SemEval-2015 Task 13: Multilingual All-Words Sense Disambiguation and Entity Linking
Introduction
The automatic understanding of the meaning of text has been a major goal of research in computational linguistics and related areas for several decades, with ambitious challenges, such as Machine Reading (Etzioni, 2006) and the quest for knowledge (Schubert, 2006).

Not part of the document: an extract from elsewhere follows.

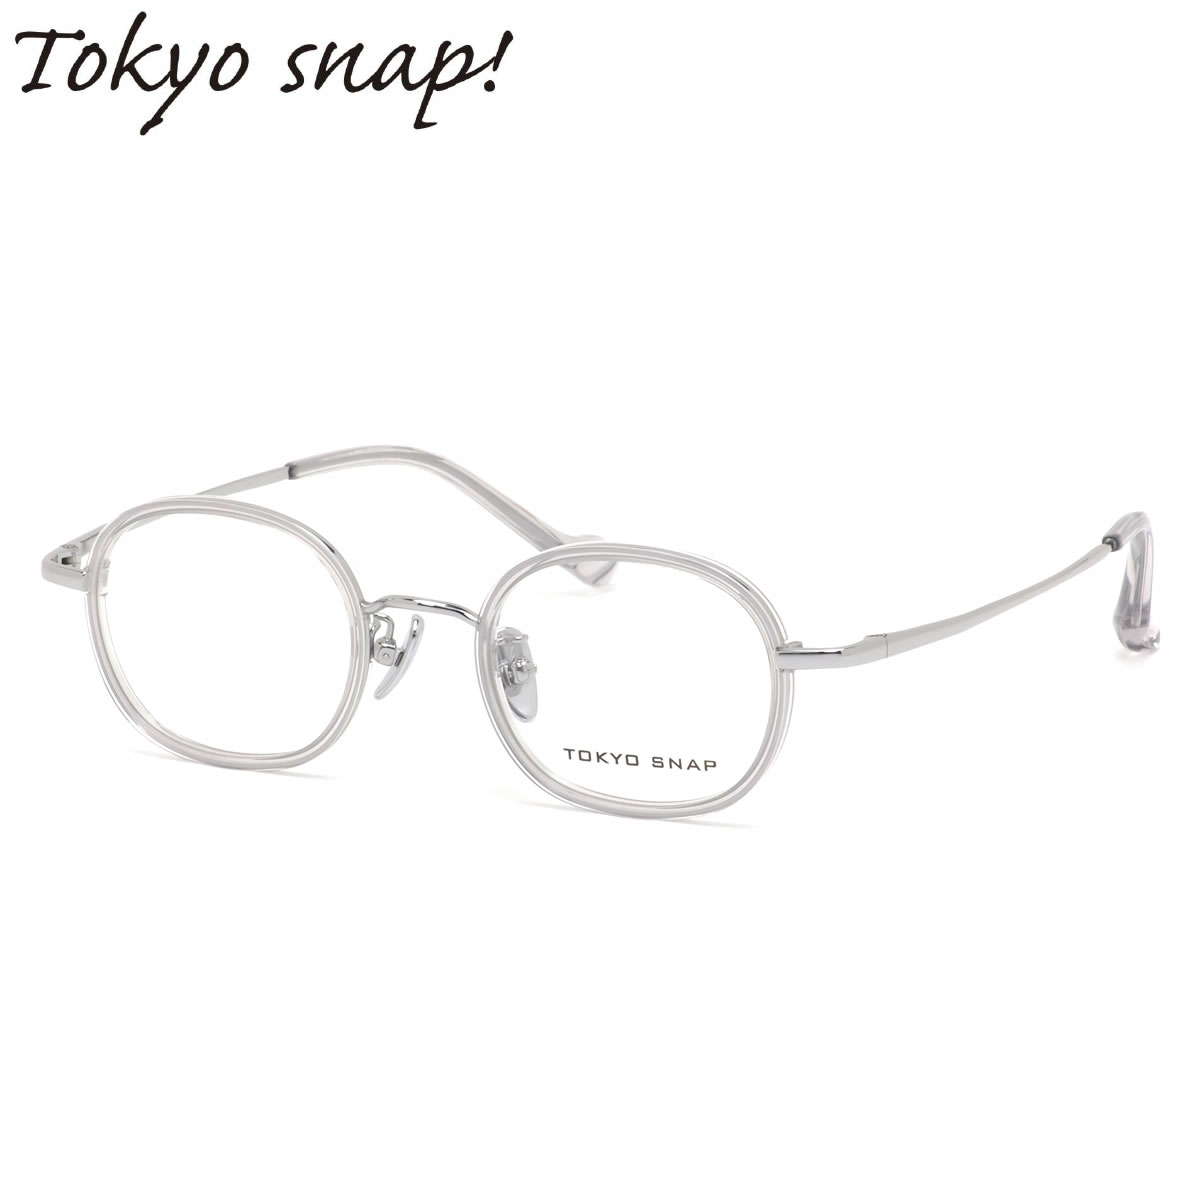 楽天メガネ・サングラスのThat’sトウキョウスナップ TSP-1044 07 43 メガネ TOKYO SNAP トウキョウスナッププラス セル巻き インナーリム チタニウム MADE IN JAPAN 国産 日本製 メンズ レディース

Two key Natural Language Processing tasks that need to be tackled as steps towards achieving the goal of automatic understanding of text are Word Sense Disambiguation (WSD) and Entity Linking (EL). WSD (Navigli, 2009) is a historical task aimed at explicitly assigning meanings to single-word and multi-word occurrences within text, a task which is today more alive than ever in the research community. EL (Erbs et al., 2011; Cornolti et al., 2013; Rao et al., 2013) is a more recent task which aims at discovering mentions of entities within a text and linking them to the most suitable entry in a knowledge base. The two main differences between WSD and EL lie in the kind of inventory used, i.e., dictionary vs. encyclopedia, and the assumption that the mention is complete or potentially partial, respectively. For instance, a named entity such as “European Medicines Agency” may be referred to within a text as simply “Medicines Agency”, the meaning of which, however, can be inferred thanks to the context. Notwithstanding these differences, the tasks are pretty similar in nature, in that they both involve the disambiguation of textual fragments according to a reference inventory. However, the research community has hitherto tended to tackle the two tasks separately, often duplicating efforts and solutions.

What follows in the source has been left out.